Any way to reduce energy bills goes a long way for a person on low-income or experiencing disadvantage.
One opinion piece asks for proof that rooftop solar is being subsidised by non solar households.
You just have to look at the Small Scale Renewable Energy Scheme (SRES) which reduces the costs to purchase a solar PV system and recovers the cost through everyone’s electricity Bill.
ACOSS argues the cost of the SRES should come off energy bills and be paid for through government budgets.
But that’s another matter. The issue here, is what’s the fairest way to pay for the additional investment required by networks to enable more energy exports to the grid.
Network costs make up two-fifths of the electricity bill (more in some network areas) and at present are recovered only via consumption tariffs through a combination of fixed and usage charge.
Households able to substantially reduce their usage, like solar owners, contribute less to network costs, which leads to other households paying a greater share of all network costs (under non-cost reflective tariffs and network revenue caps).
People on low-incomes either cannot afford or if they rent can’t access measures like solar to reduce usage, other than depriving themselves of energy which often leads to significant health and wellbeing impacts.
While this rule change does not address the consumption charging issue, which more cost reflective tariff reform could go some way to address, it demonstrates the impact of loading more network costs onto consumption charges.
Households that export energy are not charged for the service and financial benefits they receive of exporting energy to the grid. They do pay a one off DER connection charges, which is a blunt instrument that cannot respond to changing conditions over time.
We think it’s fairest if households that financially benefit from greater network investment that will enable them to access export services and sell more of their energy to the grid (rather than just self-consume), contribute to the cost.
We also think it’s fair for households to be paid when their exports provide benefits to the grid.
6) As more energy is exported to the grid, and congestion increases, private benefits will outweigh social benefits.
This opinion piece in RenewEconomy argues the social benefits of energy export resulting from downward pressure on wholesale energy prices, will always outweigh costs to invest to increase export capacity, and therefore everyone should contribute to costs incurred by networks to increase energy export capacity.

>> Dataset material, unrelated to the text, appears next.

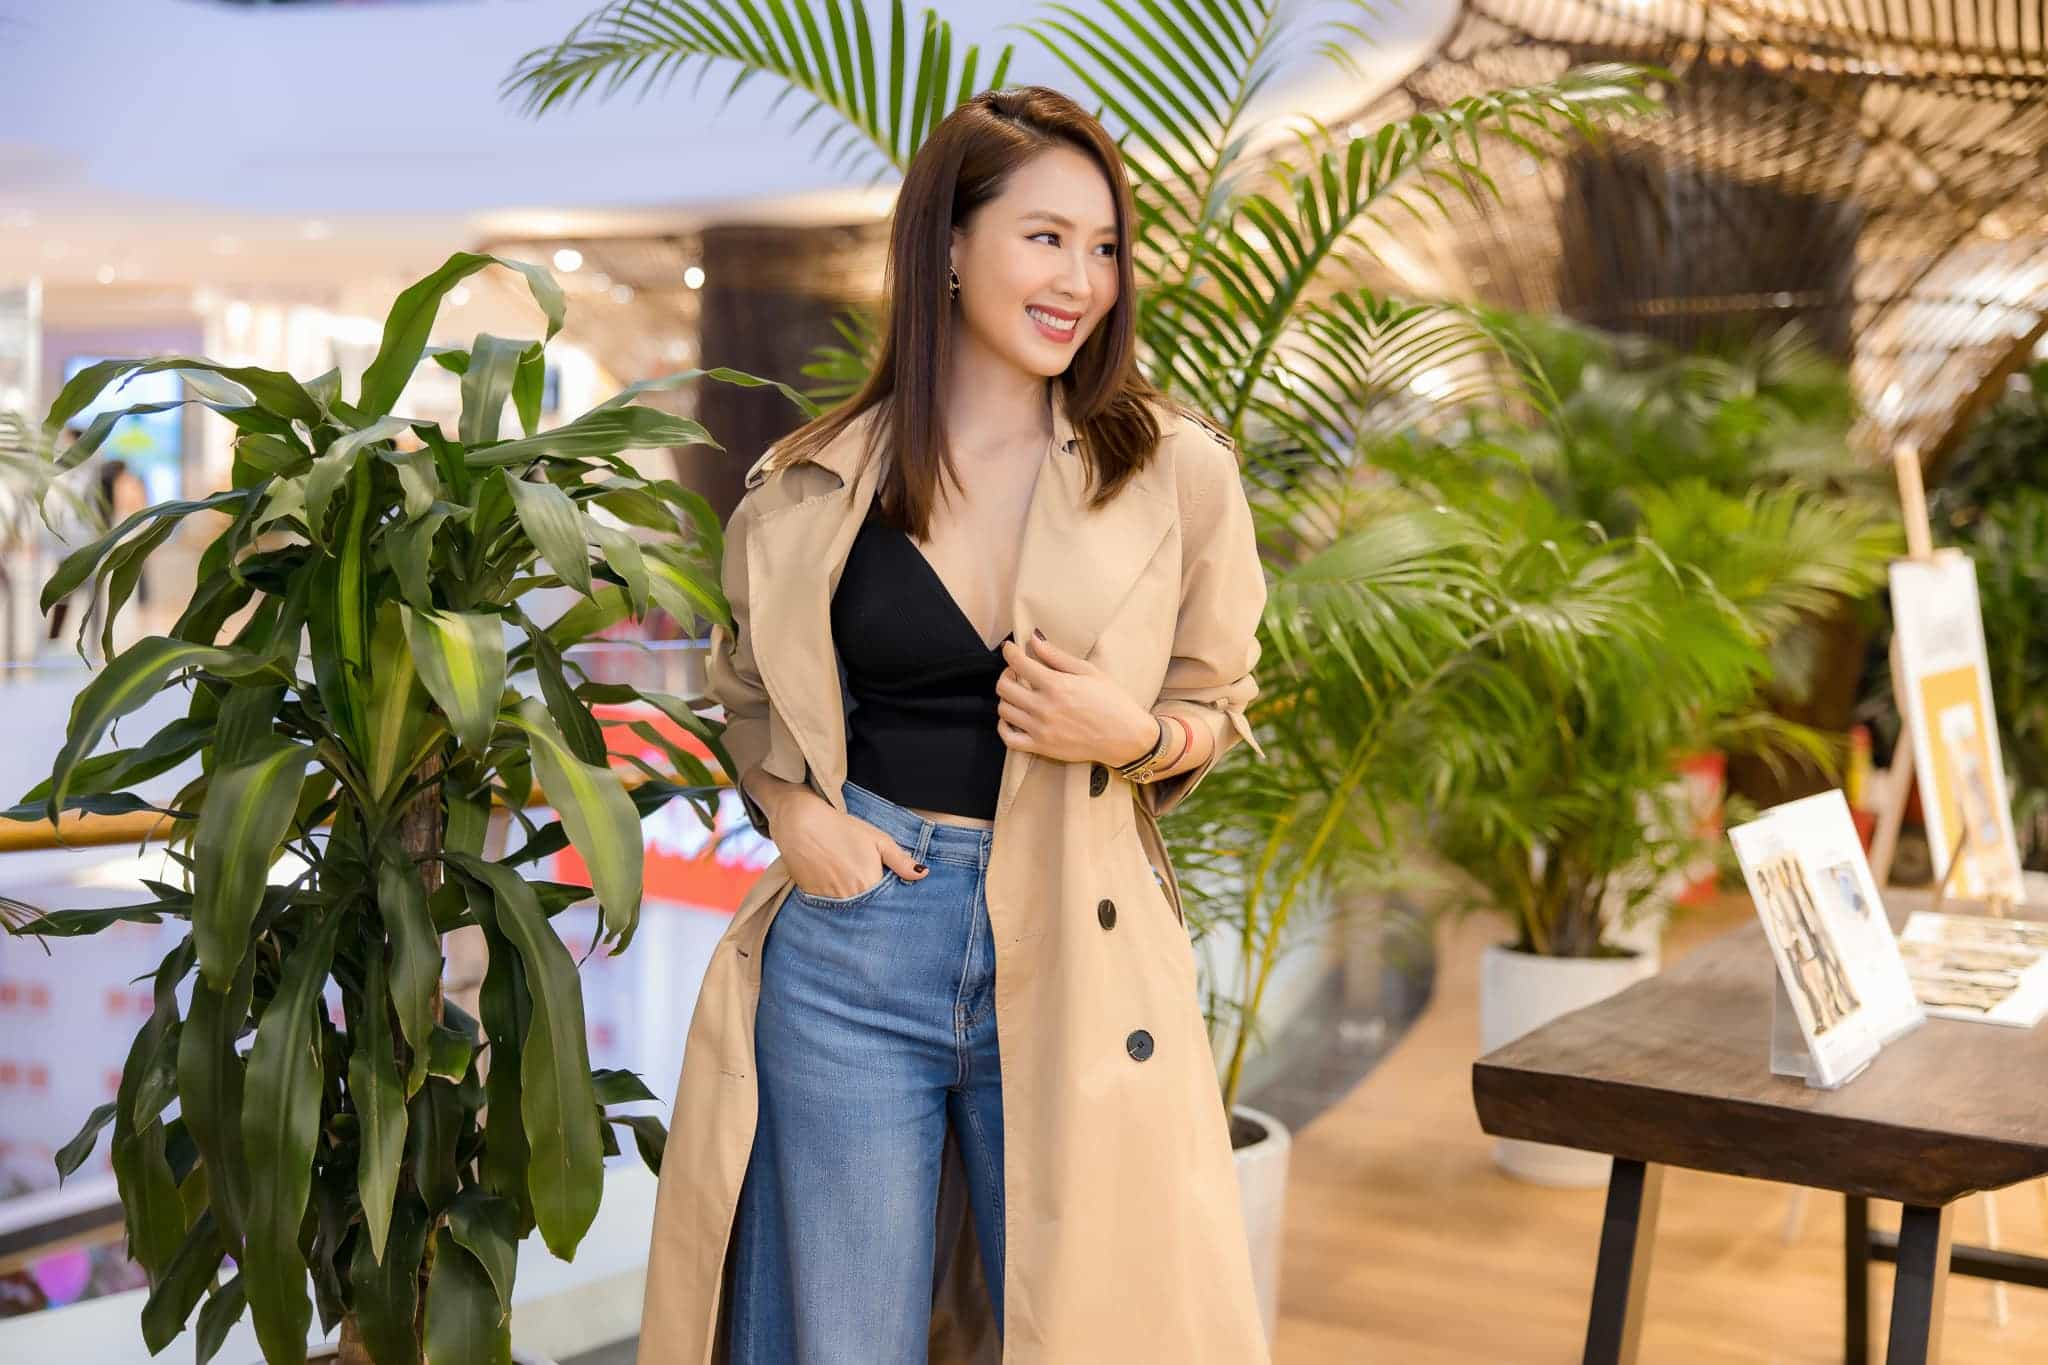 Hồng Diễm hoá thân nàng công chúa tuổi U40, không váy đầm bồng bềnh vẫn đẹp vượt mặt đàn em - 11

However, the analysis often cited to make this assertion was backward looking and not forward looking, where we no significantly more energy exports will enter the grid, and therefore can’t be used to draw conclusions about future costs and benefits.
Further, Networks have indicated the costs to date of adding solar PV have been relatively low as they ‘use up’ the intrinsic hosting capacity of the network.
However, as outlined above, as solar uptake significantly increases so will the capacity constraints and the costs to networks to resolve the constraints and enable greater energy exports.
What we can expect to see under this rule change, is where solar exports benefit everyone, any costs associated with increasing energy export capacity approved by the Australian Energy Regulator (AER) can be paid for by everyone (this is the “net market benefit” test which already applies to network investment).
Where additional investment is required and it does not pass this test, the cost to enable greater energy export will be able to be recovered from those who benefit from being able to sell their excess energy to the grid.
7) The pricing reforms will reduce bills for the 80% of non solar households
AEMC modelling finds that enabling export pricing options will reduce the Bills of non-solar consumers, including people on low income because they would no longer be paying for energy export services they aren’t using.
It also finds the 20% of solar owners (including those on low incomes) will still save hundreds of dollars on their energy bills depending on the size of the system and solar export options they chose.
For example, a household with 4-6kw would still save an average $900 a year, more if they took up options that rewarded them for using the system differently.
8) Solar is most prevalent amongst high wealth households, more needs to be done to support low wealth households access solar, batteries and other new technologies household
While there are an increasing number of people on lower incomes, mainly aged pensioners who own their own home and are able to access supports to invest in solar PV, ABS data shows solar ownership is highest amongst higher wealth households,
More needs to be done to support people on low income access energy saving technologies like solar PV and batteries.
ACOSS, TEC and a 40 plus coalition are advocating for policies to invest in rooftop solar for low income homes, including people in public and private rentals, knowing they will still be significantly financially better off under these reforms.
And for the millions who can’t access solar and batteries, network cost will be eased.
Modernising the rules and the grid to support a rapid and fair energy transition
This package of reforms will help modernise the electricity rules and grid to support greater uptake of distributed energy resources.
It’s important the final rules and then the Australian Energy Regulator as the enforcer, ensures networks plan better and invest wisely to increase solar and energy export capacity; the costs to do so are allocated more fairly; and they ensure solar owners can export, are given choice about how to use their solar and are rewarded for the benefits they provide.